Горячий грог будто заново вернул Холлинса к жизни. Он снова стал смотреть на вещи оптимистически. «Я стреляный воробей,— сказал себе Холлинс.— И не так-то просто меня поймать». Долив стакан, Холлинс почувствовал себя так приятно и спокойно, что подошел к ночному портье и попросил повторить порцию. Тот не увидел в этой просьбе ничего необычного и быстро выполнил заказ. Покончив со вторым стаканом, Холлинс отправился спать. Он сразу же провалился в пьяное забытье, потому что горячий ром активизировал бесчисленные стаканчики бренди с содовой и виски с содовой, которые он выпил за этот день. Когда голова йоркширца коснулась подушки, он не чувствовал ничего, кроме мягкого покачивания, которое вовсе не казалось неприятным, обещая спокойную ночь.
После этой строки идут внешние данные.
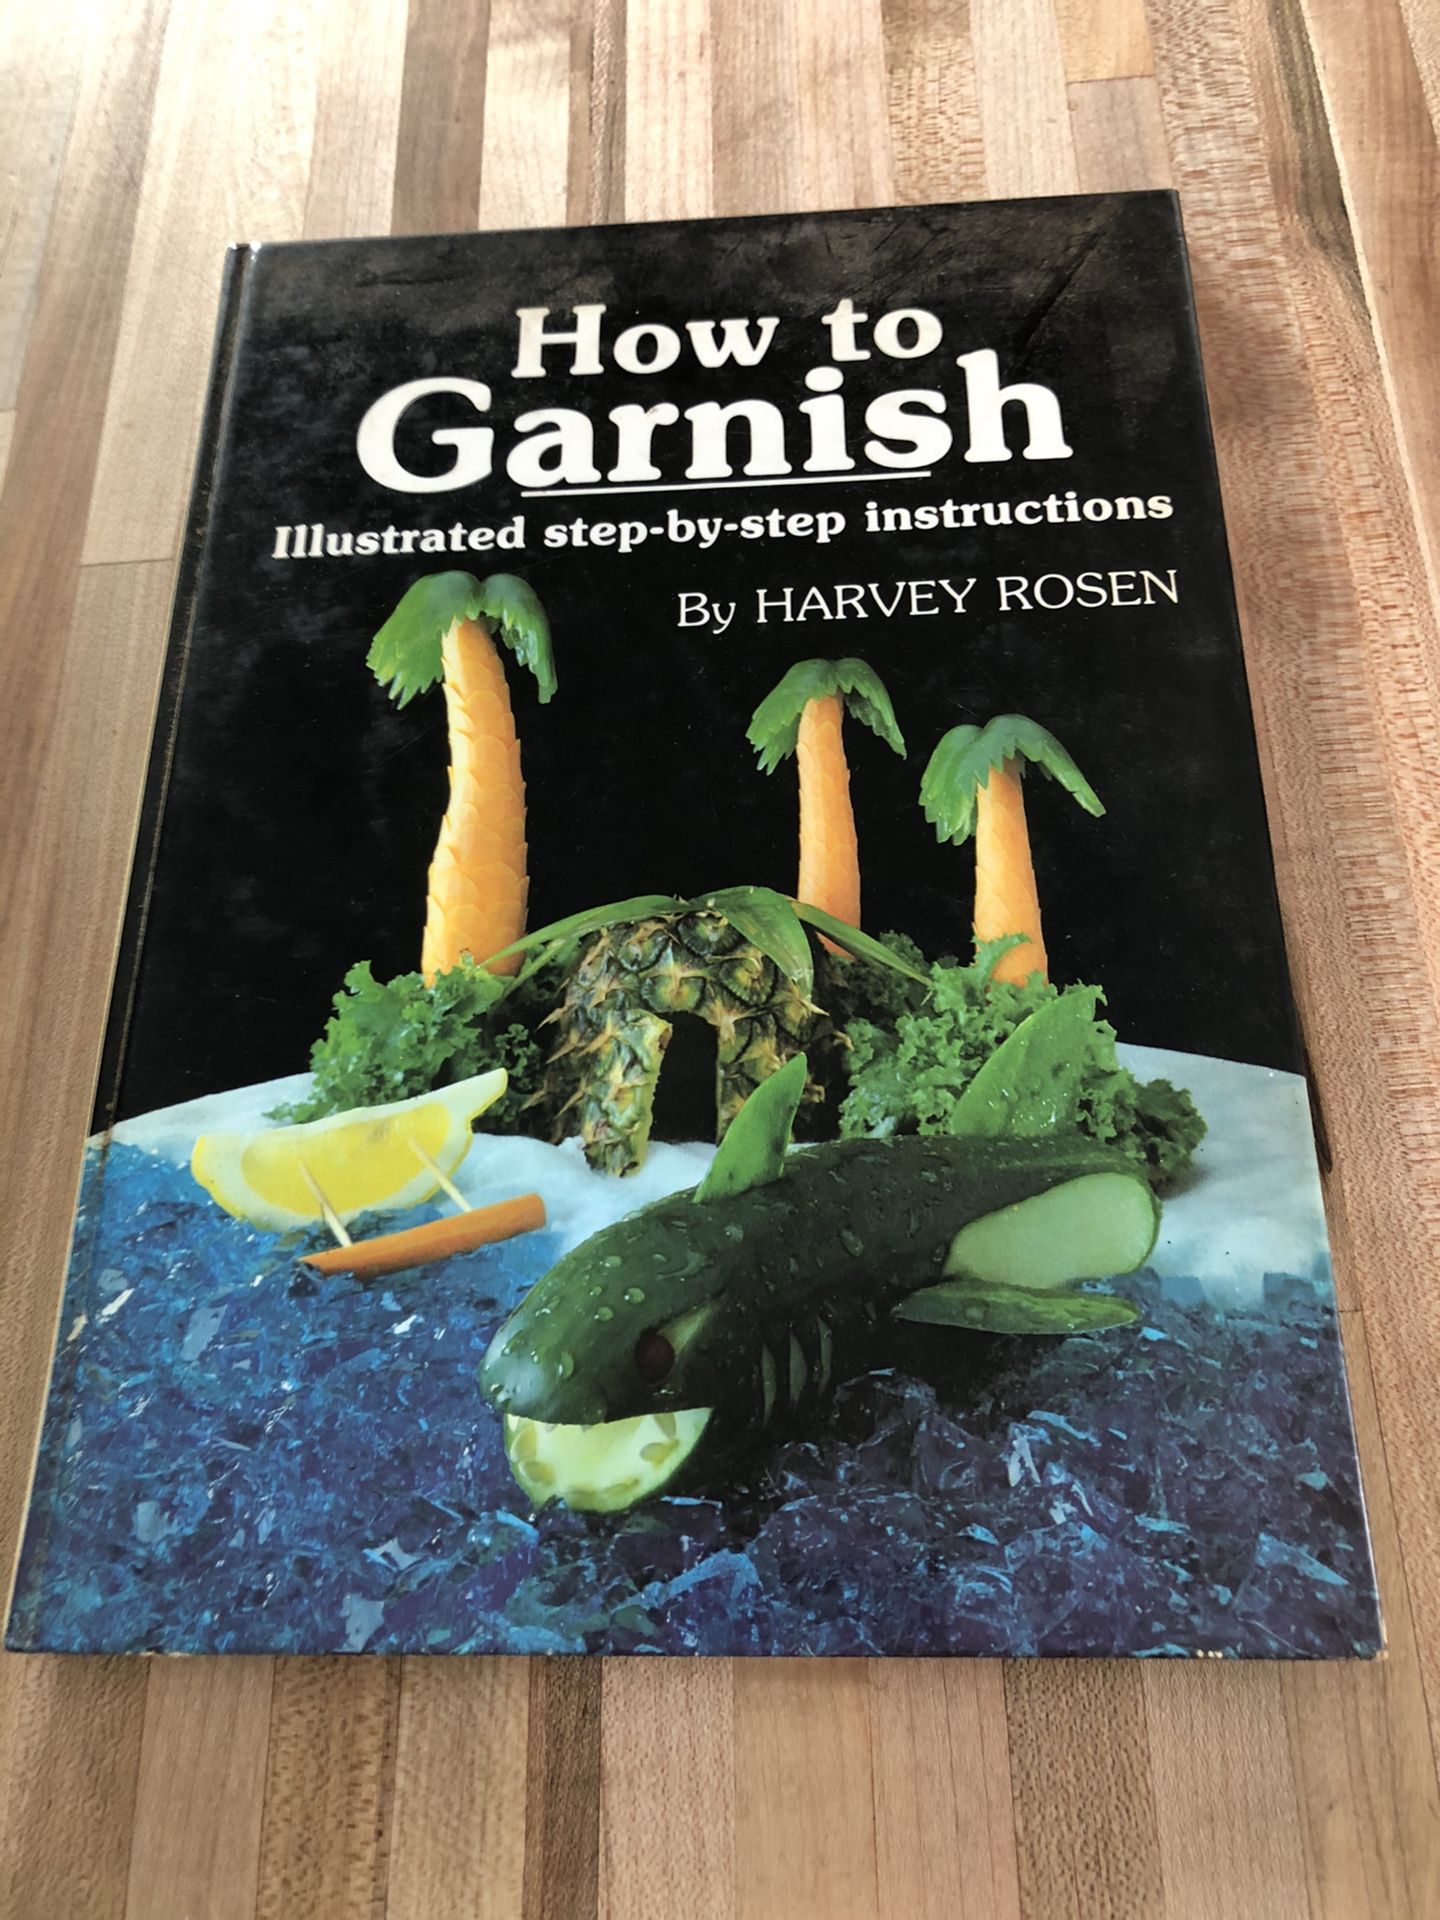 How to Garnish

Он лежал, как бревно, ничего не чувствуя и не понимая, пока серый рассвет не подкрался к окнам его комнаты, а потом вдруг проснулся с ощущением леденящего ужаса, отчаяния и смертельного страха, сжимающего и рвущего на части его сердце. Холлинс вскочил и попытался найти выключатель. Но в тот момент, когда ноги его коснулись пола, голова его закружилась, и он упал с громким стуком. Падение отрезвило его. Он приподнялся, сел, дрожа, на край кровати и стал смотреть в светлеющее окно.
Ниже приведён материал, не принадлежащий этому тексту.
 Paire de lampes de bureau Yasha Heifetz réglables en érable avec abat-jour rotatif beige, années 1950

Снова упав на кровать, Холлинс забылся в беспокойной дреме, пока наконец солнечный луч, коснувшийся лица, не пробудил его ото сна, в котором Ллойд с разбитой и окровавленной головой, болтающейся на тонкой шее, преследовал его по улицам большого
города.
Холлинс чувствовал себя усталым, больным и несчастным. Он погрузил голову в холодную воду, постарался взять себя в руки и, наконец, почувствовал себя достаточно уверенно, чтобы сойти вниз поесть. Холлинс сел на предложенное ему официантом место и стал, нахмурившись, разглядывать меню. Обычно он ел по утрам много и с аппетитом, но сейчас не хотелось даже и думать о еде. Во рту у него пересохло, руки дрожали. Официант внимательно оглядел Холлинса и сочувственно покачал головой.
— Не знаю, что и заказывать,— сказал Холлинс,— что-то я с утра неважно себя чувствую.
— Простите, сэр,— сказал официант.— Позвольте вам кое-что предложить. Для начала несколько тостов с анчоусами, сэр,— это удивительно помогает, если правильно приготовить. Я сам прослежу на хухне. И крепкий кофе с бренди, если вы не возражаете, сэр.
— Ладно,— согласился Холлинс.
Он взял газету, которую подал ему официант. Но буквы расплывались перед глазами, и йоркширец не смог прочитать ни слова.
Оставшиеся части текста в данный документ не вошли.